Very interesting discussion.
The debate here seems to be around the very thing I was asking about.
It calls into question the very concept of "natural rights" as a useful construct and focuses on where rights come from.
It seems very clear to me, that people need to establish where they think rights come from as it really does test your allegiances.
If you think your rights come from God, then you view government with a very jaundiced eye.
If you think they come from the government...I am not sure how you view your benefactor. After all, they created them for you.
And how do you view people who are trying to take them away ?
You know... I was glib with you earlier, but this really is very frustrating, because it's not even a real debate. It's just a confusion, a category error. The 'inalienable rights' that Jefferson references are an entirely different sort of thing than the concept most people are referring to here when they discuss 'rights'. Most people, Rabbi and the rest who insist rights are state creations, are thinking of rights as those freedoms we designate for protection - and that protection certainly isn't 'inalienable'. As soon as there isn't a government around to provide the protection, it goes away. But the freedom itself is simply a by product of free will.
The key thing about the inalienable rights is that no one needs to do anything for you to have them - all they need to do is leave you alone. That's what makes them different than nonsense like the 'right to health care' or other imagined rights that require others to serve you.

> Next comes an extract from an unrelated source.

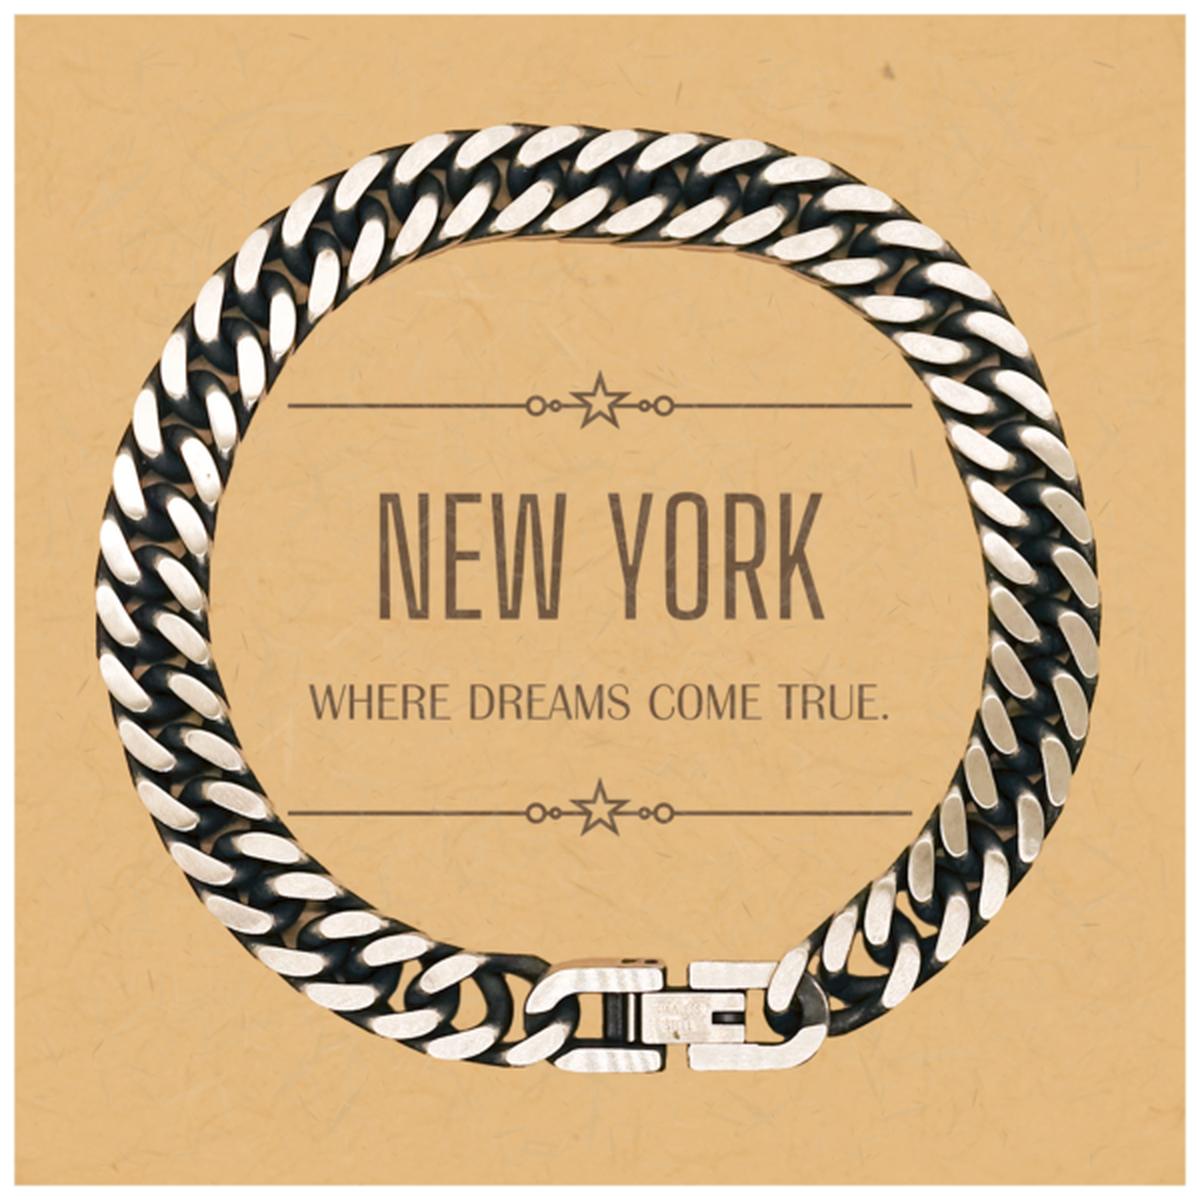 Love New York State Cuban Link Chain Bracelet, New York Where dreams come true, Birthday Christmas Inspirational Gifts For New York Men, Women, Friends

Again, inalienable doesn't mean 'sacrosanct' or 'off-limits' - it just means 'innate', essentially something that is an extrapolation of the ability to think for yourself.
I understand your frustration as it seems most disagreement is generally at the level of "definitions". Your comments above have helped me to better narrow what you are referencing. I can see an extension of that thought spilling over into what many others are pointing at.
The problem is that even within the libertarian/conservative camp such differences exist.
As an example, the "right" to the pursuit of happiness is something I find difficult to envision as being inalienable.
On the one hand I think of Steven Covey's description of Victor Frankle's experience in the death camps. Frankle found he could chose to not be pulled down by his experiences. In Covey's words Frankle had more liberty while he did not have freedom. So, in a sense he had that inalienable right to pursue happiness within his circumstances.
However, that is really a stretch to me. He was still in a frigging Nazi death camp.
dblack asserts there are some kind of rights that people have, even while they are being deprived of them. That runs into what I claimed earlier: that no one can distinguish any difference between rights that are denied and rights that don't exist.